« Chez Netflix, heureuses sont les séries assez fortes pour passer le cap des deux saisons »

Economie

A l’heure de l’hyperchoix en matière de culture, les plates-formes de streaming misent sur le renouvellement permanent pour conquérir de nouveaux abonnés, explique dans sa chronique Guillaume Fraissard, chef du service culture du « Monde ».

Chronique. Deux petites saisons et puis s’en vont. Sur Netflix, et plus généralement sur les plates-formes de streaming vidéo par abonnement, les séries ont beau être reines, elles n’en sont pas moins soumises à rude concurrence. Et leur durée de vie peut se révéler bien plus courte que sur les chaînes traditionnelles. Au moment où HBO s’apprête à lancer, dimanche 14 avril, la huitième – et dernière – saison de sa saga médiévale Game of Thrones, une étude anglaise dévoilée mardi 9 avril dans le cadre du MIPTV à Cannes, met en lumière les pratiques des nouveaux rois du divertissement délinéarisé.

Oubliez les 15 saisons des Experts sur CBS, les 21 de New York Police Judiciaire sur NBC ou les 155 épisodes de Section de recherches sur TF1. Chez Netflix, Amazon Video et consort, heureuses sont les séries suffisamment fortes pour passer le cap des deux saisons selon le recensement établi par l’institut Ampere Analysis qui note que, entre septembre 2018 et mars 2019, douze des treize séries annulées par Netflix durant cette période avaient connu trois saisons ou moins. Exemples récents, Marseille, la série française avec Gérard Depardieu, n’a tenu que deux saisons. Idem pour Punisher et Jessica Jones, deux feuilletons dérivés de l’univers Marvel passés à la trappe après deux ans d’antenne. Au passage, souligne l’étude, Netflix interdirait aux producteurs de faire revivre leurs séries annulées sur d’autres canaux de diffusion… Par comparaison, les chaînes du câble se montrent plus assidues avec une moyenne de quatre saisons par série. Quant à la palme de la fidélité, elle revient aux chaînes gratuites avec des séries au long cours, diffusées sur plus de six saisons et demie en moyenne.

Des dizaines d’épisodes à rattraper

Cette stratégie ne doit rien au hasard.

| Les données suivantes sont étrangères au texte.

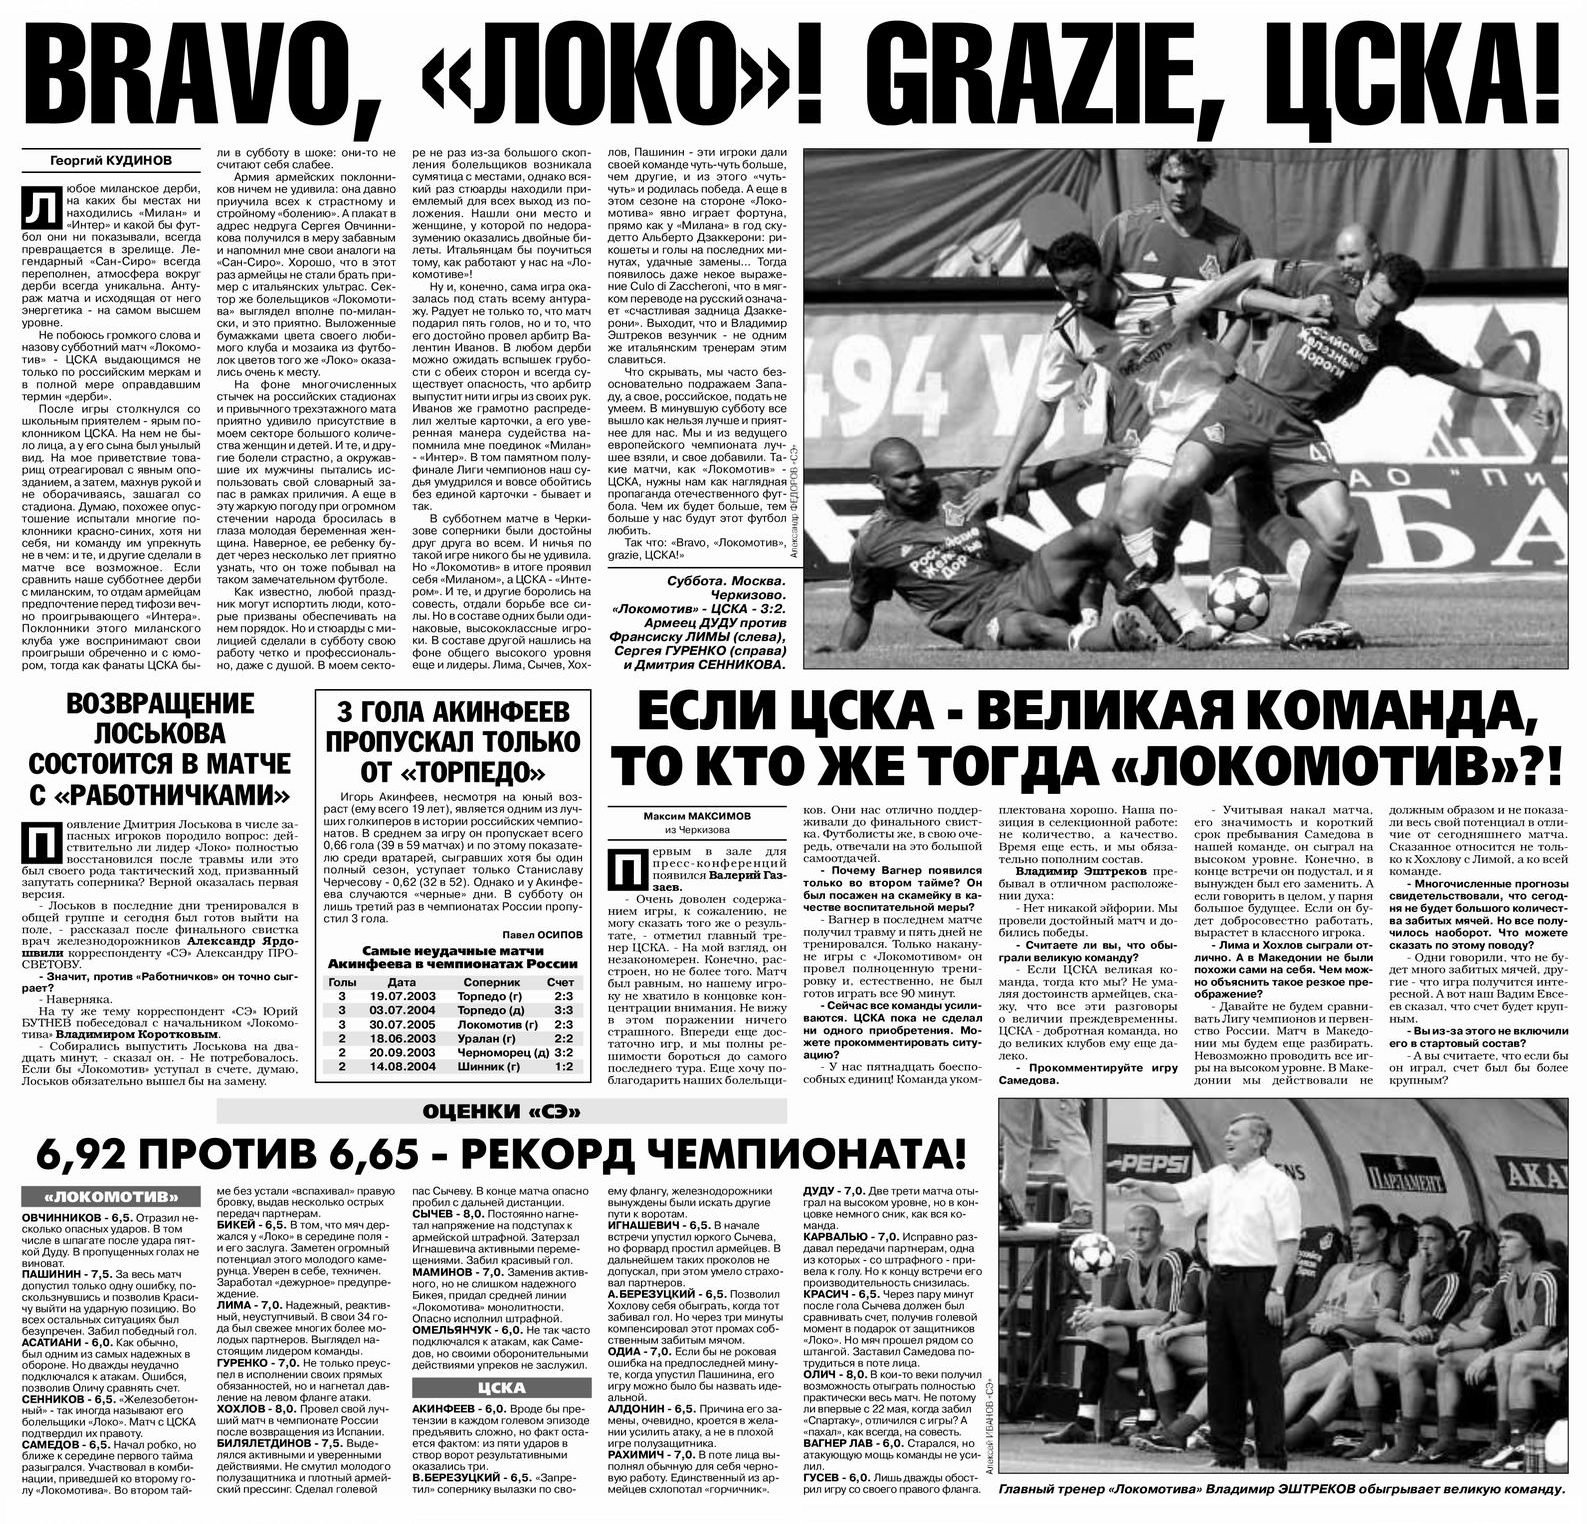 2005-07-30.LokomotivM-CSKA.4

Dans leur objectif de conquête de nouveaux abonnés, les plates-formes accordent en effet plus de vertus à la nouveauté qu’à la longévité. Quitte à décevoir certains fans qui payent un service de streaming spécialisé dont le baromètre de satisfaction devrait en théorie être plus important que celui de l’audimat. Certes l’audience – jalousement gardée pays par pays – joue beaucoup dans le renouvellement ou non d’une série. Mais pas seulement. Le magazine spécialisé Deadline Hollywood a récemment montré comment Netflix privilégiait désormais les séries de huit ou dix épisodes comme Elite ou Osmosis contre treize pour House of Cards ou Orange is the New Black par exempledeuxsuccès qui lui ont permis de séduire une large audience.